CN219513232U - Cylindrical battery - Google Patents

Abstract

The utility model belongs to the technical field of batteries, and particularly relates to a cylindrical battery which comprises an anode cap, a steel shell and an insulating adhesive layer; the steel shell is provided with an opening at the upper part, and at least the upper half part of the steel shell is in a straight cylinder shape; the positive electrode cap seals the opening of the steel shell; the insulating adhesive layer is arranged between the anode cap and the steel shell to bond the anode cap and the steel shell. According to the cylindrical battery provided by the embodiment of the utility model, the upper part channeling process of the steel shell in the prior art is abandoned, so that the effective volume of the inner cavity of the steel shell is increased, and the height of the steel shell is higher than that in the prior art, thereby increasing the energy density of the battery.

Description

Cylindrical battery

Technical Field

The utility model belongs to the technical field of batteries, and particularly relates to a cylindrical battery.

Background

The nickel-hydrogen secondary battery is generally a cylindrical battery, when the cylindrical battery is manufactured, the positive pole piece, the negative pole piece and the diaphragm are wound into a winding core by adopting a winding process and are placed in the steel shell, and then the side wall of the opening end of the steel shell is driven to roll inwards by a channeling machine, so that a concave circle of groove is formed on the side wall of the steel shell and used for supporting the sealing ring and the positive pole cap at the opening of the steel shell.

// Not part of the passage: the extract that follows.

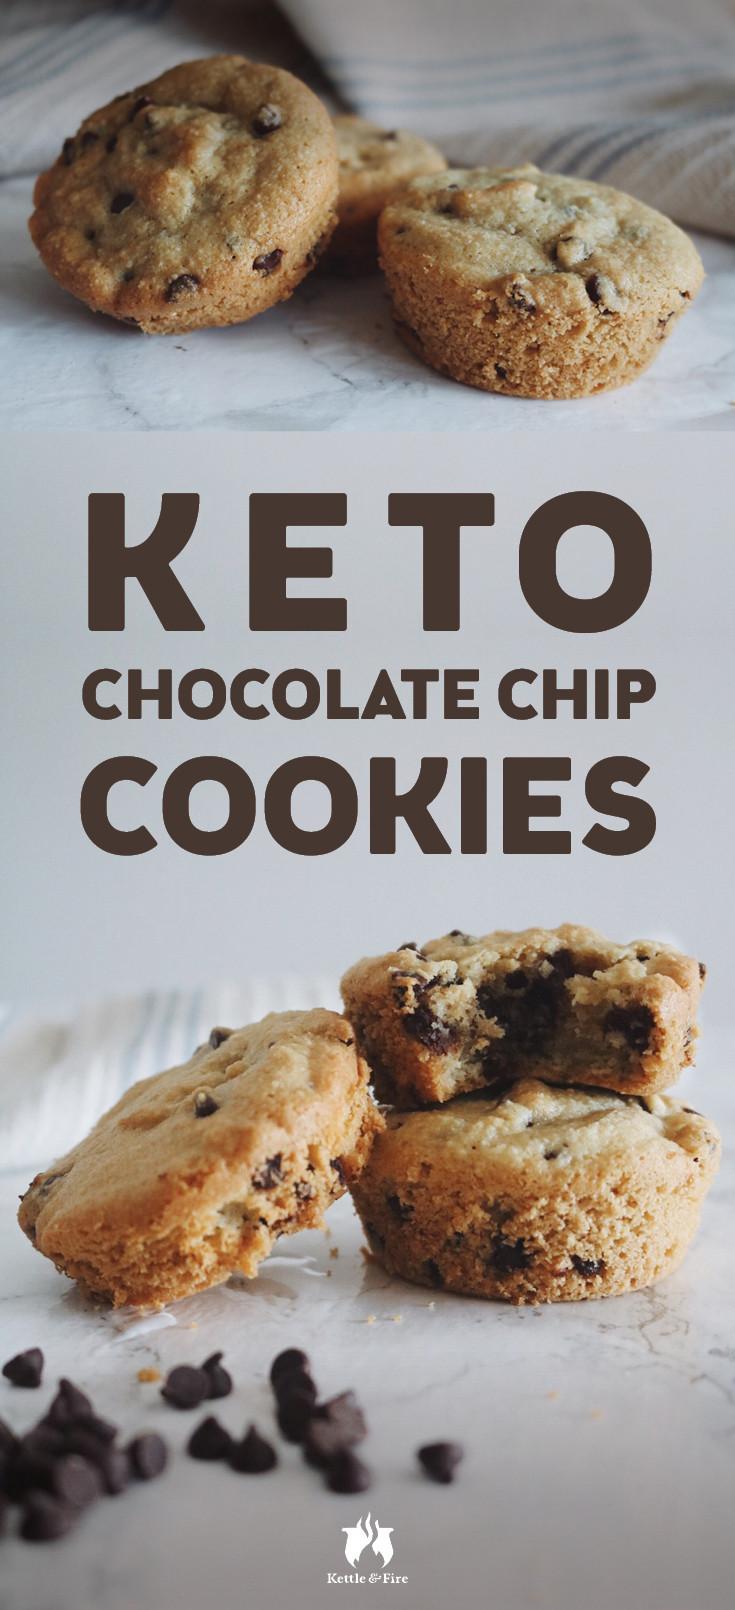 Keto Chocolate Cookies  Keto Chocolate Chip Cookies

In the prior art, due to the groove formed at the opening end of the steel shell, the height of the steel shell after rolling the groove is lower than the height of the steel shell before rolling the groove of the battery, and the effective utilization of the inner space of the steel shell is affected.

Disclosure of Invention

The technical problems to be solved by the utility model are as follows: to among the prior art, the recess that the steel casing open end formed makes the height behind the steel casing channeling be less than the height before the channeling of battery, and then influences the problem of the effective utilization of inner space of steel casing, provides a cylinder battery.

In order to solve the technical problems, the embodiment of the utility model provides a cylindrical battery, which comprises an anode cap, a steel shell and an insulating adhesive layer;

the steel shell is of a barrel-shaped structure with an opening at the upper part, and the upper half part of the steel shell is in a straight barrel shape;

the positive electrode cap seals the upper opening of the steel shell;

the insulating adhesive layer is adhered between the anode cap and the steel shell so as to realize insulating sealing of the anode cap and the steel shell.

Optionally, the device further comprises a cover plate, the cover plate is fixed at the upper opening of the steel shell, the cover plate is provided with an inner hole, the positive electrode cap is arranged in the inner hole, the diameter of the inner hole is larger than the maximum diameter of the positive electrode cap, a first interval is arranged between the outer peripheral surface of the positive electrode cap and the inner hole wall of the cover plate, and the insulating adhesive layer is filled in the first interval.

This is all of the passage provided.